I’m still wearing my dad’s watch today. It’s heavy. I took my own watch off – it’s now resting on my bedside table, perhaps for a long time – while I wear his. I often find myself playing with it during my day, taking it off, putting it back on. Polishing the face with my fingers absentmindedly. Thinking about him. Laying it on my desk while I type. It’s too big, and hangs loosely on my wrist. I like the feel of it when I walk and it falls down to rest on my wrist as my arm sways, reminding me with its weight and size, that it’s there. It slides down my arm when I’m cooking and slides back up my arm towards my elbow when I rest my chin on my palm. It moves with a purposeful kind of rhythm, up and down my arm, working to fill up that space of thinking about him. Like Georgia with his cane, his watch helps me to normalize, even just a little, the world without him.

A few people have suggested I get his watch sized to fit. A very sensible idea, that! I would love if we could fill up every empty space created in our lives – and truly change how things have made us feel – with a simple adjustment, a visit to a watchmaker, a resizing.

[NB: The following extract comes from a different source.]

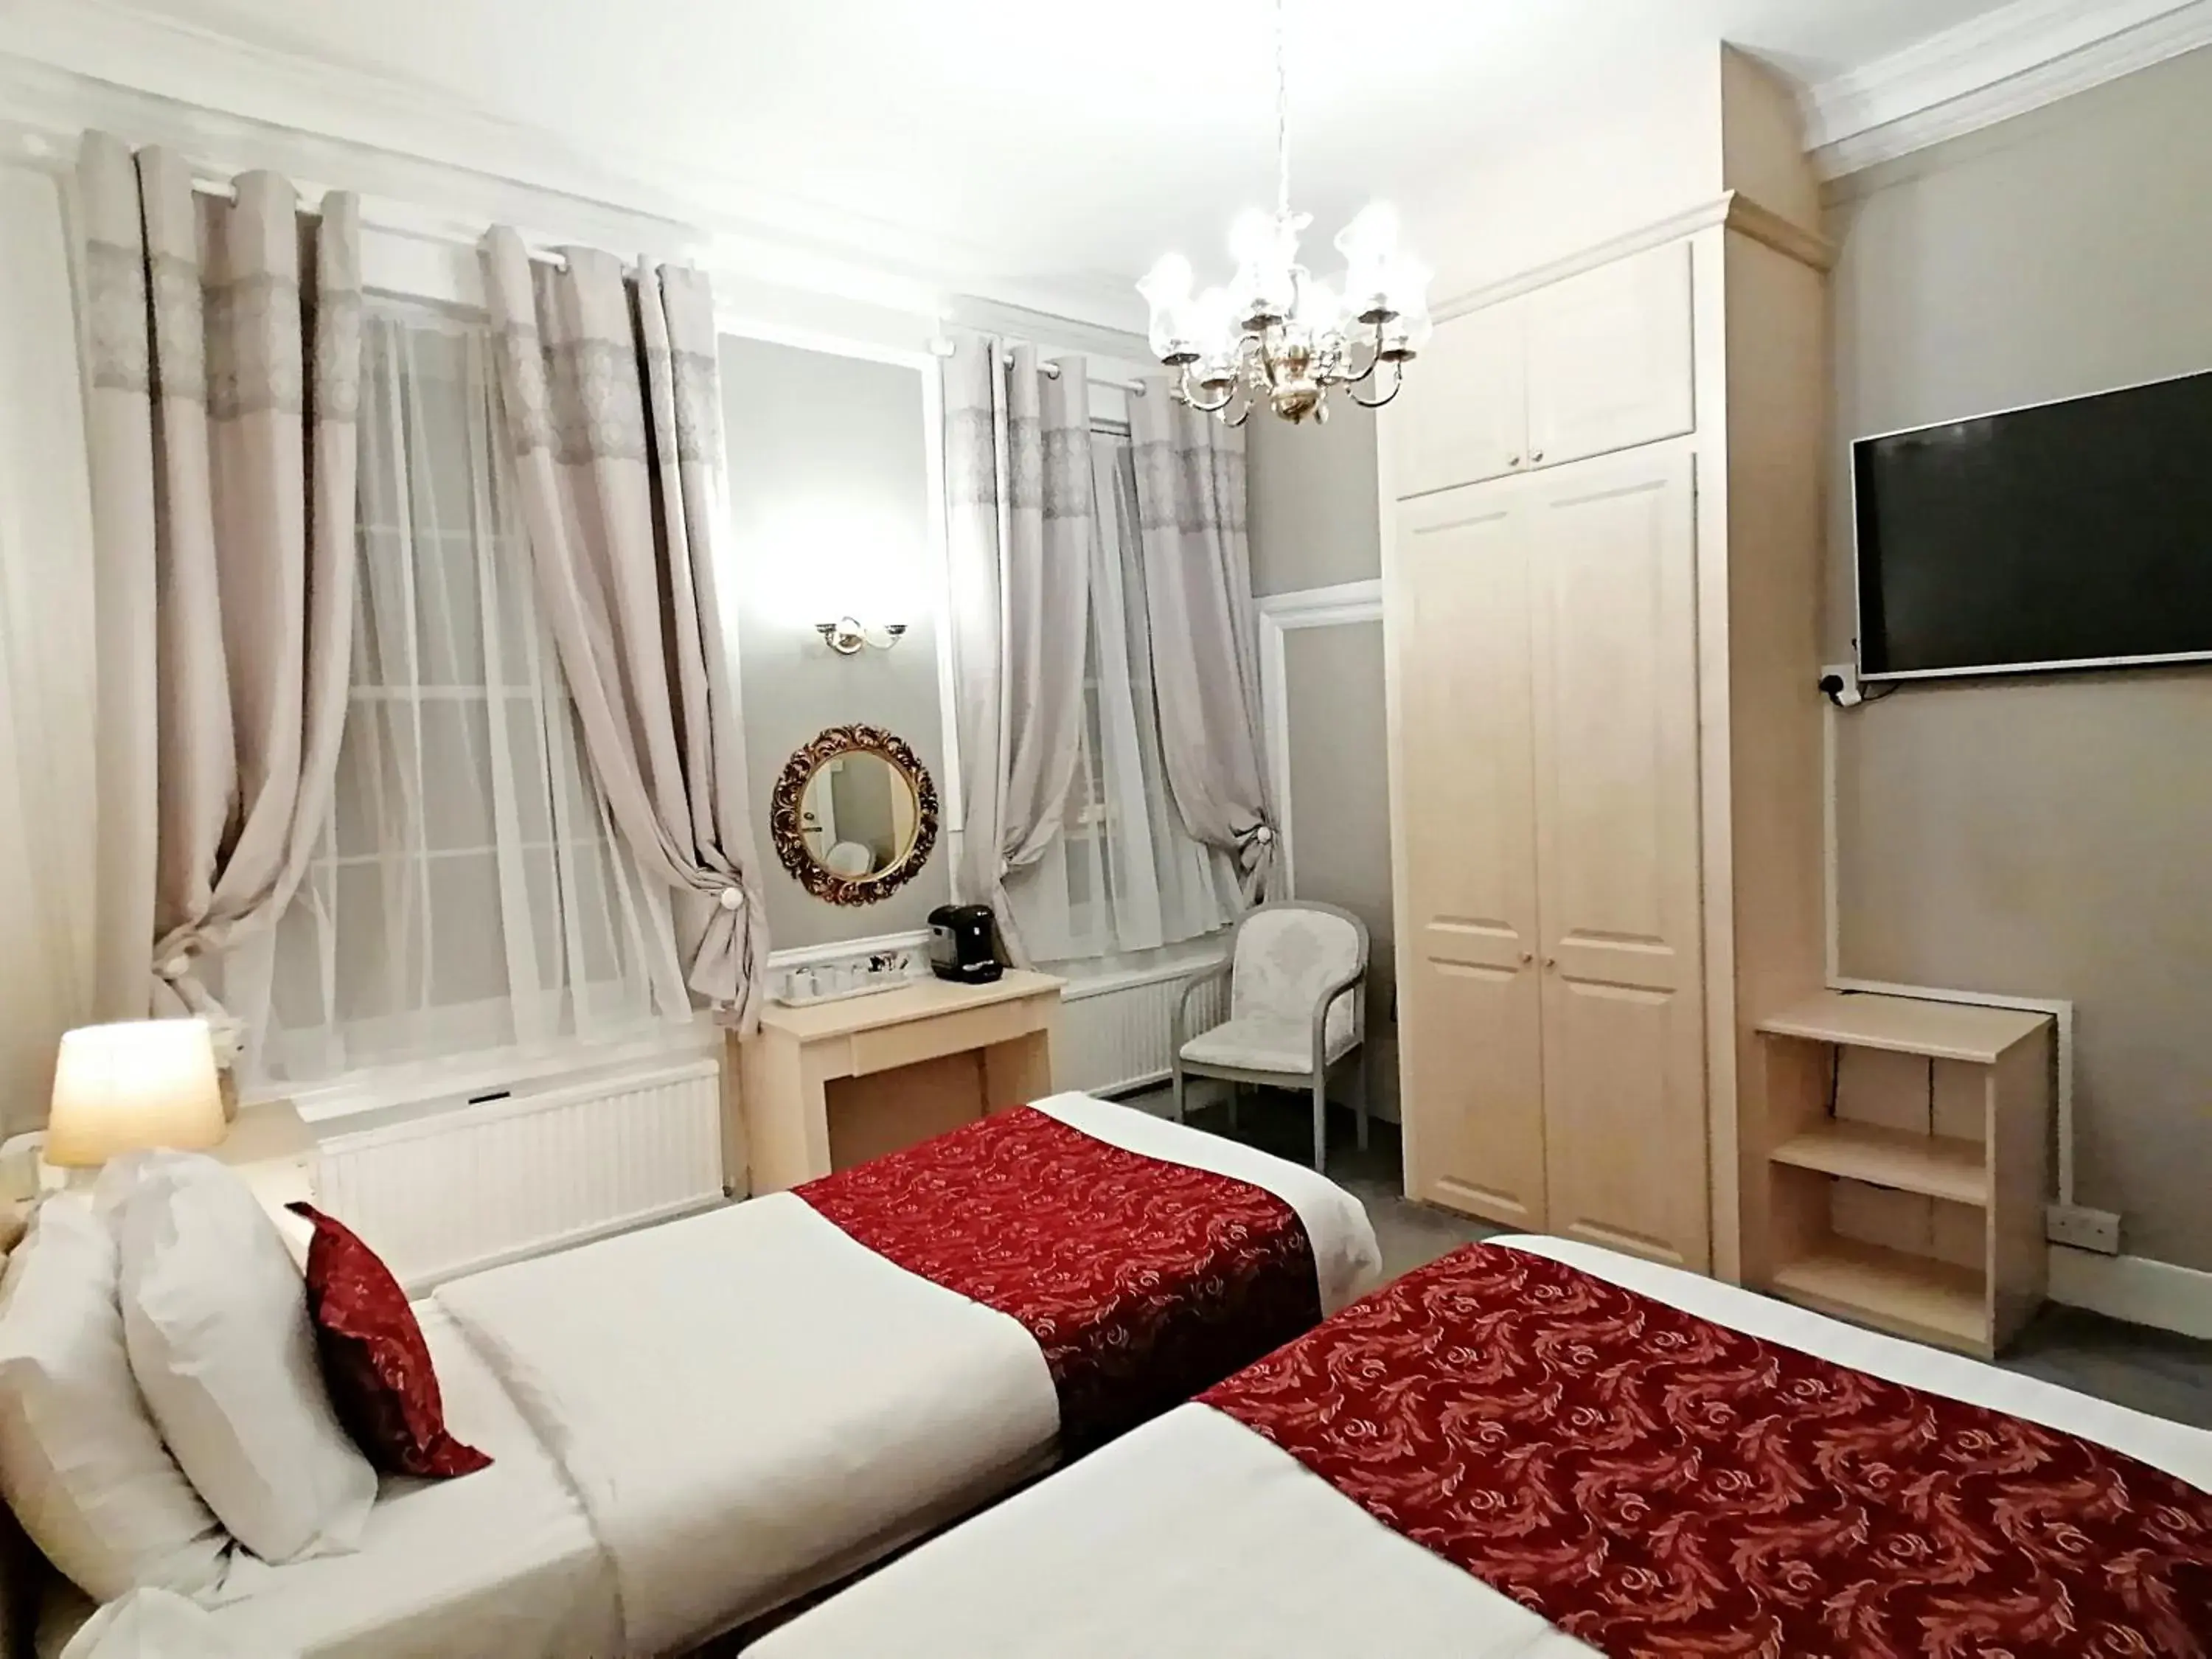 Bedroom, Room Photo in The Gordon House Hotel

But I won’t get the watch sized to fit – not because it won’t change anything but because it will in fact change something. To do that would mean filling up that empty space. That very space between the watchband that fit my father’s wrist perfectly and my own smaller arm is exactly what I have left of him right now. That empty space, held close to me, reminds me in a palpable way of what, in fact, is missing.

I’ve asked my mom to not give my dad’s cane away to a charity but to keep it, resting against the wall in his office. Like the too-big watch on my arm at my side, I think that – for Georgia – having that cane on his chair with her helps, in a tiny but tangible way, to fill the empty space where he is no longer beside her.

Georgia happy grandpa

2 thoughts on “Empty spaces

  1. That was beautiful, Nancy. You express and explain your feelings so well. Your Dad will always be with you, in your heart. Linda xo

  2. I’m sorry for your family’s losses. You’ve written a beautiful tribute! I’m excited to have discovered your blog (your partner, Chris, posted it on Twitter)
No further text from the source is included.